In 1901 her father died. She was now the only child and he left £117,000. In 1906 after many years of interest she joined the militant Women's Social and Political Union which was led by Emmeline Pankhurst, but it was a speech by Annie Kenney that inspired her. Moreover, she has the distinction of being their first benefactor of their newly founded WSPU campaign fund. Annie Kenney went round to see her after the event to thank her for the twenty pounds she had sent them towards their expenses.

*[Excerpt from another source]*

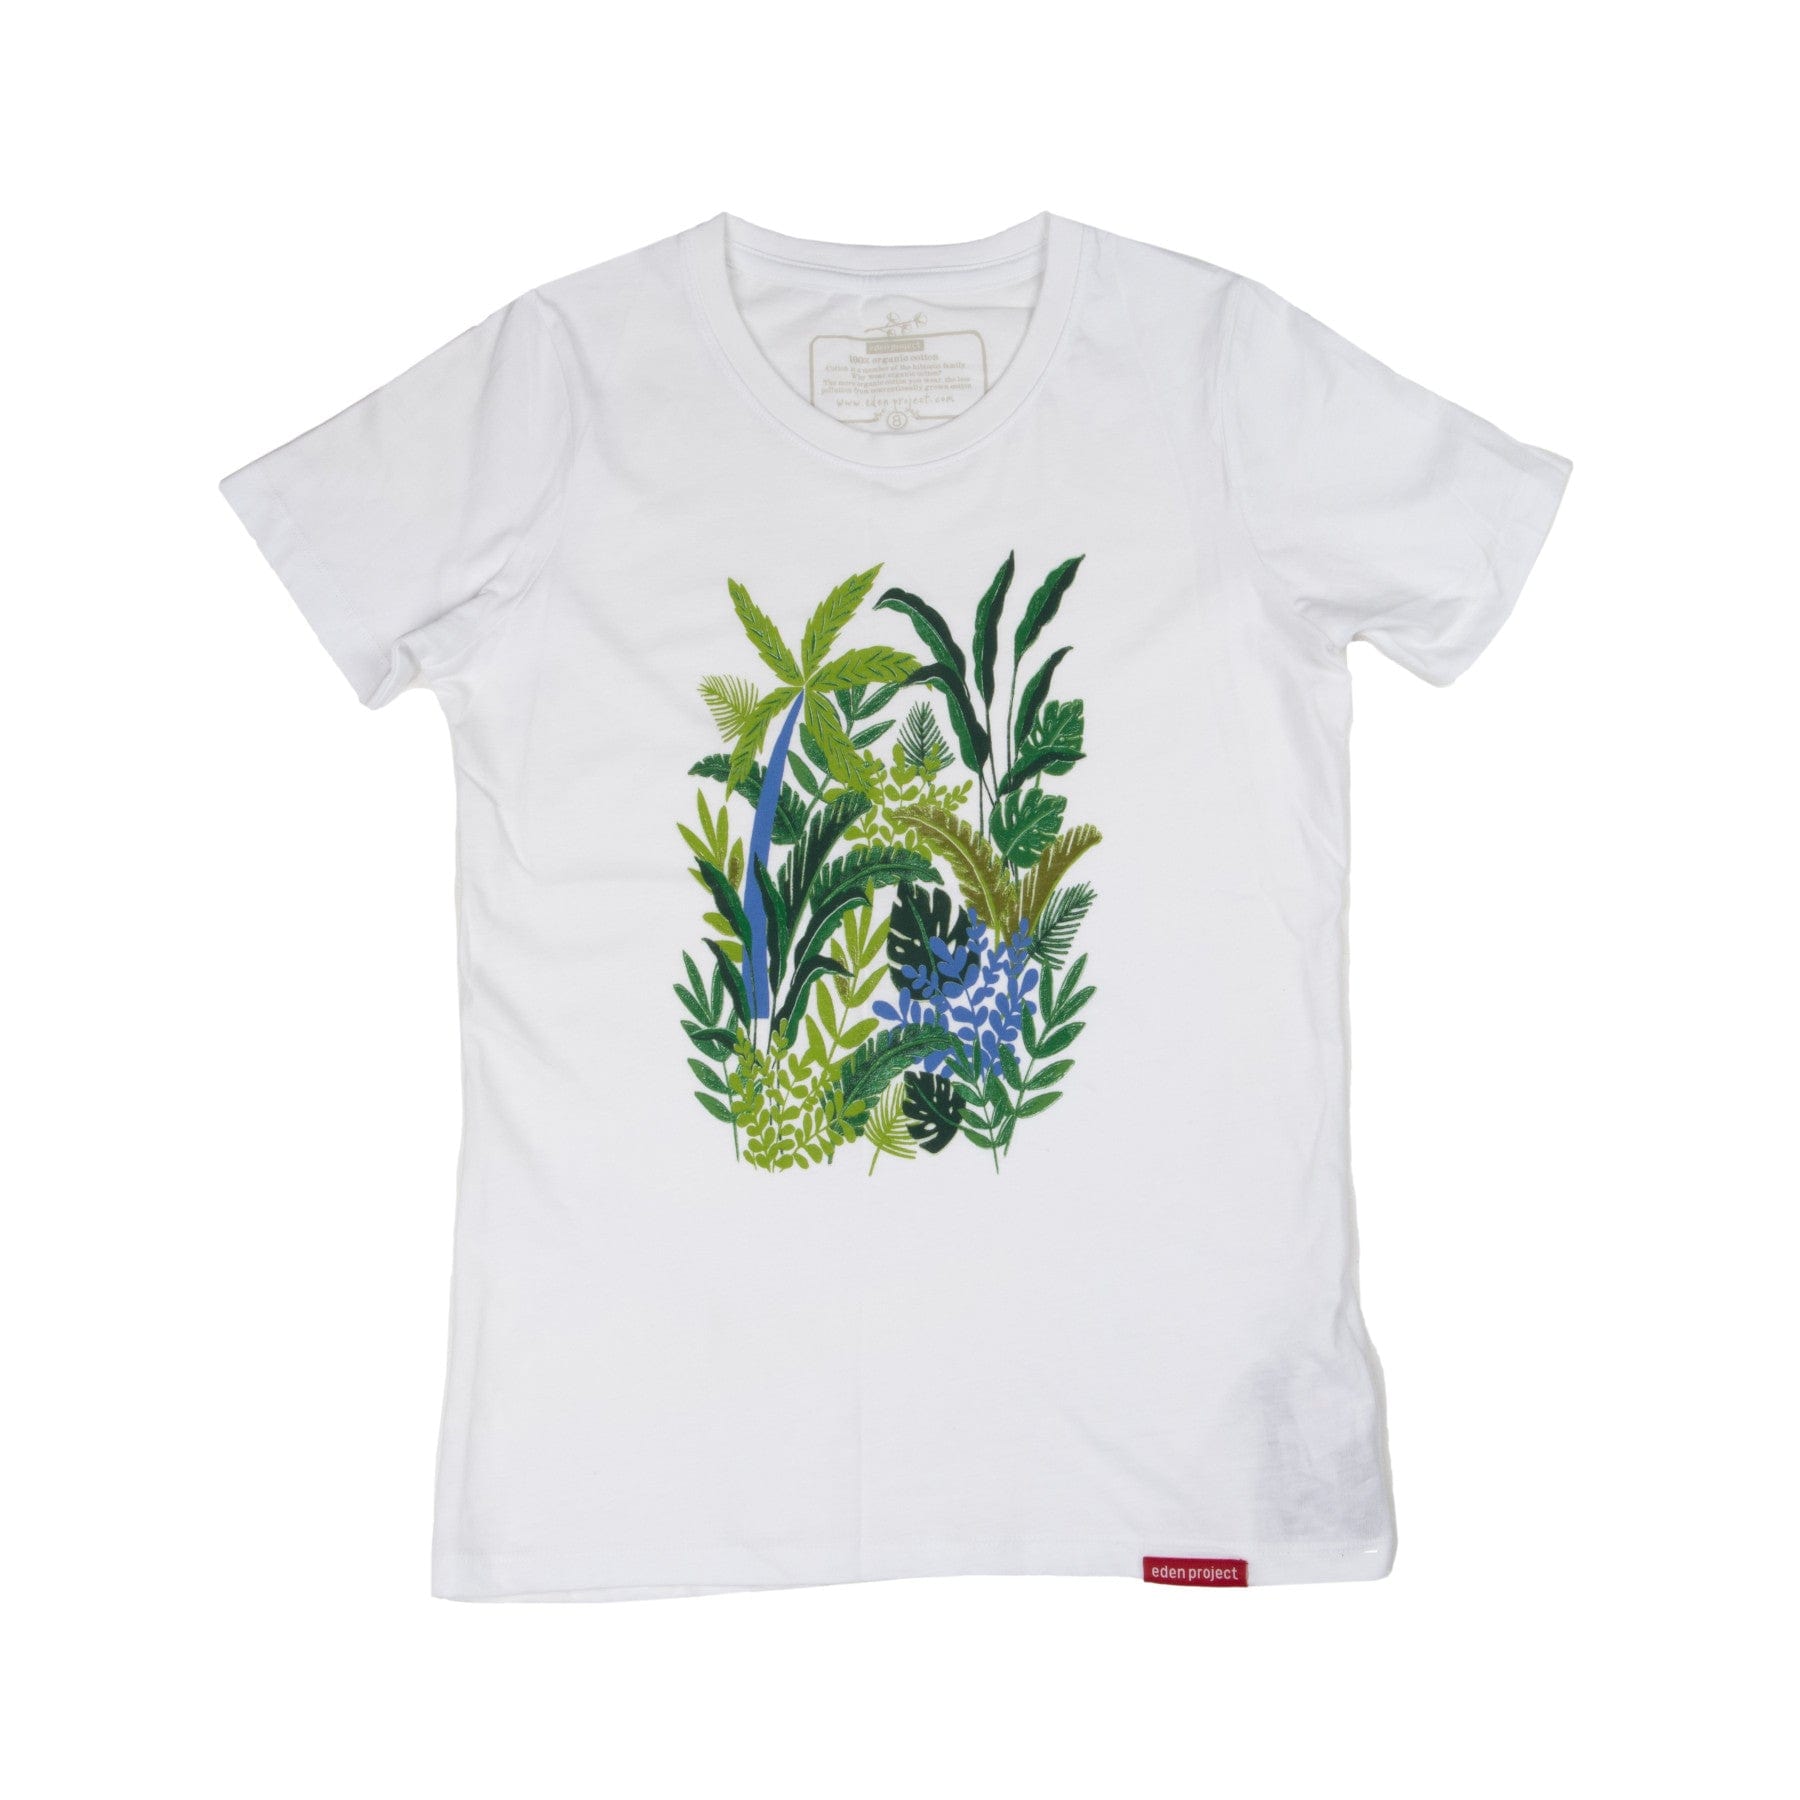 White t-shirt with botanical print, floral graphic tee, short-sleeved cotton shirt with green and blue plant design, casual summer top with foliage illustration, clothing product shot on white background

She spoke on their behalf and attended protest meetings. The 1908 WSPU procession was said to be mainly funded by Mordan and when the protesters reached Hyde Park they listened to speeches including one by Mordan. She also had the honour of unveiling a banner designed by Sylvia Pankhurst at the event, given by Emmeline Pethick-Lawrence, which featured two eagles holding a shield bearing the motto "Hope is strong! Awake! Arise!" Mordon funded a variety of other projects from a WSPU Art exhibition at the Prince's Skating Club in 1909 to $200 set aside for a "return to militancy" in 1912.

Mordan was invited to Eagle House in Batheaston on 27 April 1910 to plant a holly tree. Eagle House was where Mary Blathwayt's family entertained visitors at their "Suffragette's Rest". Many notable supporters were invited to the house. Emily Blathwayt and her family invited leading suffragettes and their supporters to plant trees and shrubs in "Annie's Arboretum" to commemorate their achievements and her husband recorded these in photographs. The arboretum was named after Annie Kenney and she had a room at Eagle House.

Morden knew that she would die of tuberculosis and this meant that her militant acts were performed by proxy. She commented in a letter published by the newspaper Votes for Women that "I have impressed upon my doctor that she really must keep me alive till I can have a reasonable prospect of feeling that my last bed will be a coffin some woman has earned her living by making."

==St Hugh's College==
Morden first visited St Hugh's College in 1897. With Mordan's backing, St Hugh's bought a house called "The Mount" from University College and began to move to their new permanent site in 1913. The house was demolished to make way for the Main Building of the college which was funded by Mordan. She also gave £1000 to endow a scholarship.

She was given regular updates by St Hughs staff after she became ill, and in reply she had said that the college was one of her proudest achievements. St Hugh's College named their new library Mordan Hall in recognition of her contributions to the college.

== Death ==
Mordan left most of her wealth to her partner Mary Gray Allen who had shared her life. When Allen died in Bexhill-on-Sea in 1915, she left a large bequest to St Hugh's college.